Souvenez-vous, dès les premiers jours du confinement, les sites web pour parents ainsi que de nombreux médias diffusaient mille et une idées de jeux et des kits d’activités… Surtout, qu’ils ne s’ennuient pas ! L’ennui, dans notre société, est un phénomène à combattre : s’ennuyer, c’est « mal »… J’ai toujours pensé, au contraire, qu’il fallait réserver aux enfants des temps non scolaires, qu’ils ne soient pas uniquement des « écoliers » et qu’ils puissent avoir le loisir de s’ennuyer.

Il convient de préciser que les enfants que j’ai suivis étaient issus de catégories sociales plutôt aisées, avec des parents présents. Au début des entretiens individuels, j’avais décidé de donner un thème à chaque séance – par exemple, imaginer un super-héros. Plusieurs enfants ont dessiné un Super Docteur qui sauve papy et mamie ! J’ai aussi demandé à chacun des enfants ce qu’il ferait s’il était président : « J’enverrais des jouets à toutes les familles pour que les enfants ne s’ennuient pas », ont répondu beaucoup d’entre eux.

Dans l’ennui des premiers temps est survenue aussi l’envie d’apprendre. Apprendre tout ce qu’il est possible d’apprendre dans un environnement confiné : le piano, la batterie – j’ai vu des enfants prendre en mains un instrument et réaliser de grands progrès… Ou bien simplement écrire. Un enfant de CP apprenant tout juste à déchiffrer voulait absolument discuter avec moi par Messenger, en écrivant comme il le pouvait, phonétiquement. Il était fier de faire comme ses frères et sœurs.

Au bout de quelques semaines, j’ai choisi de ne plus proposer de thèmes. À ce moment-là est apparu ce qu’on peut qualifier d’ennui existentiel et angoissant. Les enfants ont exprimé la crainte de pertes permanentes : celle des grands-parents ; celle de l’école dont on ne savait quand elle reprendrait ; celle des copains et des copines. Chez les enfants, le virtuel fait long feu, il leur faut des câlins, des bisous, se battre et courir avec les copains et les copines, être dans le corps-à-corps.
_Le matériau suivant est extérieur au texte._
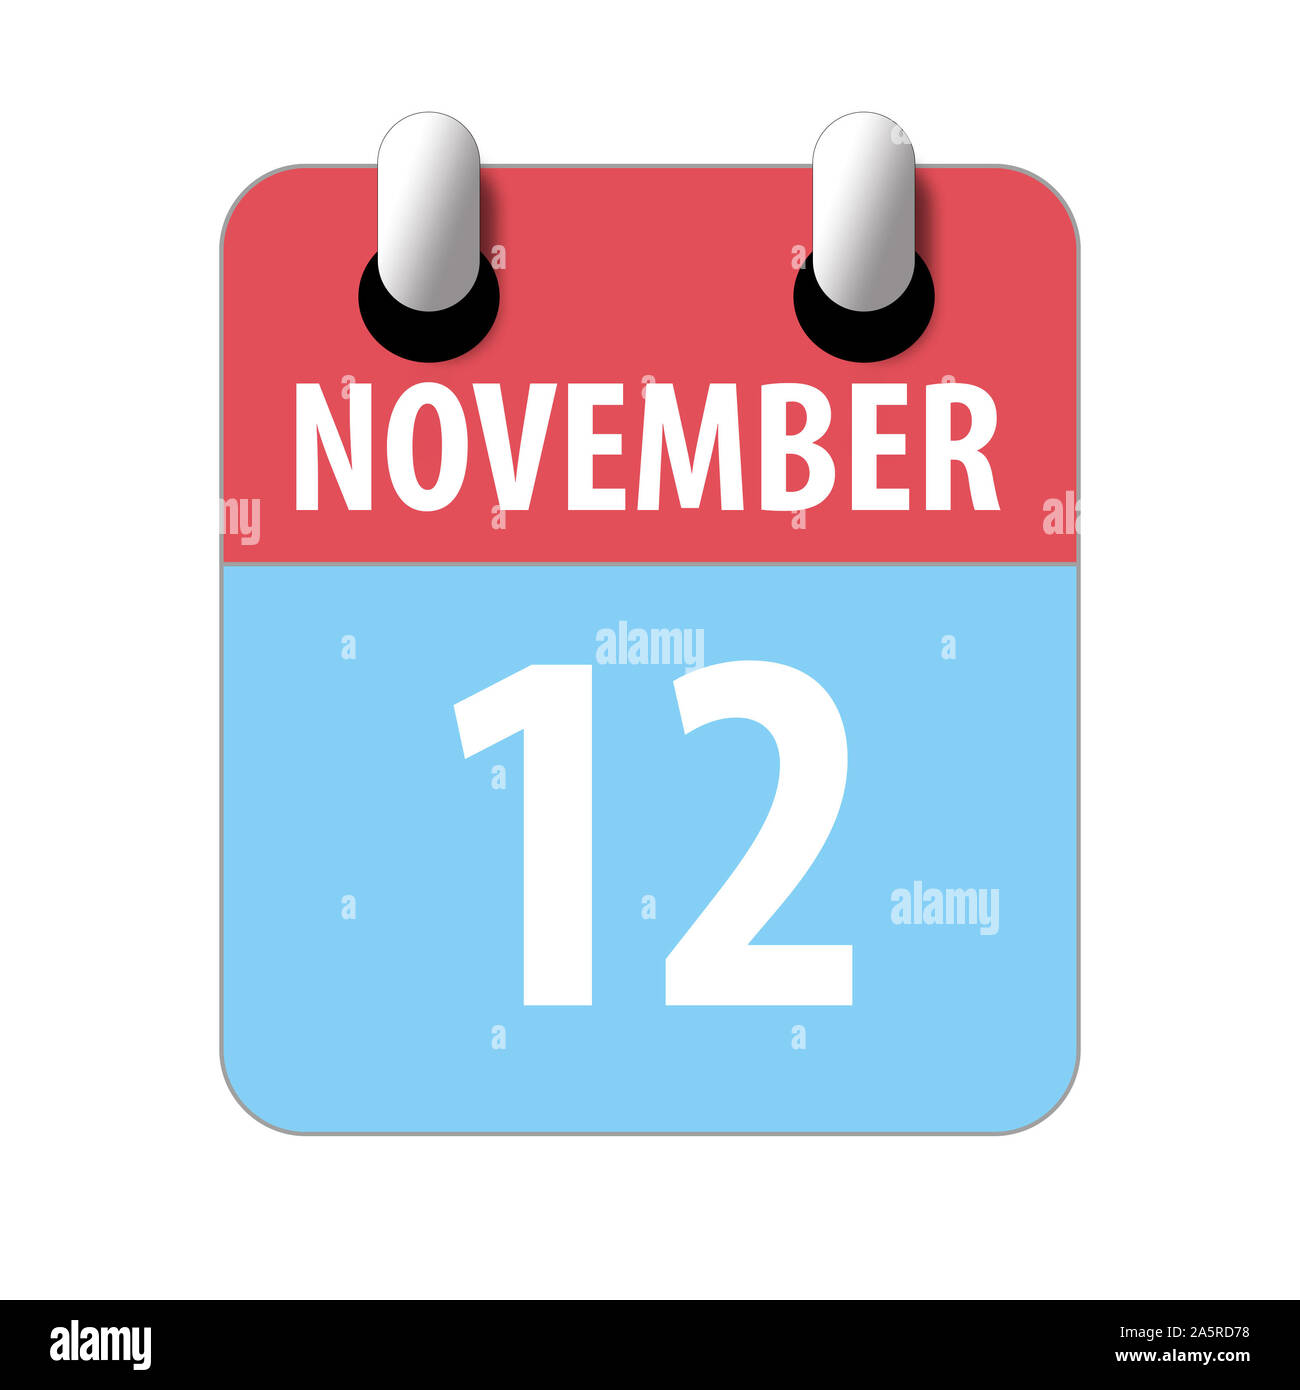 12 month calendar Banque d'images détourées - Alamy

Avec ce deuxième confinement, il est essentiel que le gouvernement laisse nos enfants aller à l’école. Je l’affirme, même si cela va contre ma perspective qui considère que les enfants doivent être autre chose que des écoliers. L’étude met en évidence que la routine de l’apprentissage scolaire empêche l’ennui existentiel. Si, tout de même, je devais formuler un vœu, ce serait de ne pas oublier que le premier temps du confinement a permis aux enfants que j’ai interviewés d’avoir du temps pour eux, le loisir de rêver, d’inventer des super-héros ou même de progresser dans l’apprentissage de la musique. En moins de trois mois ! 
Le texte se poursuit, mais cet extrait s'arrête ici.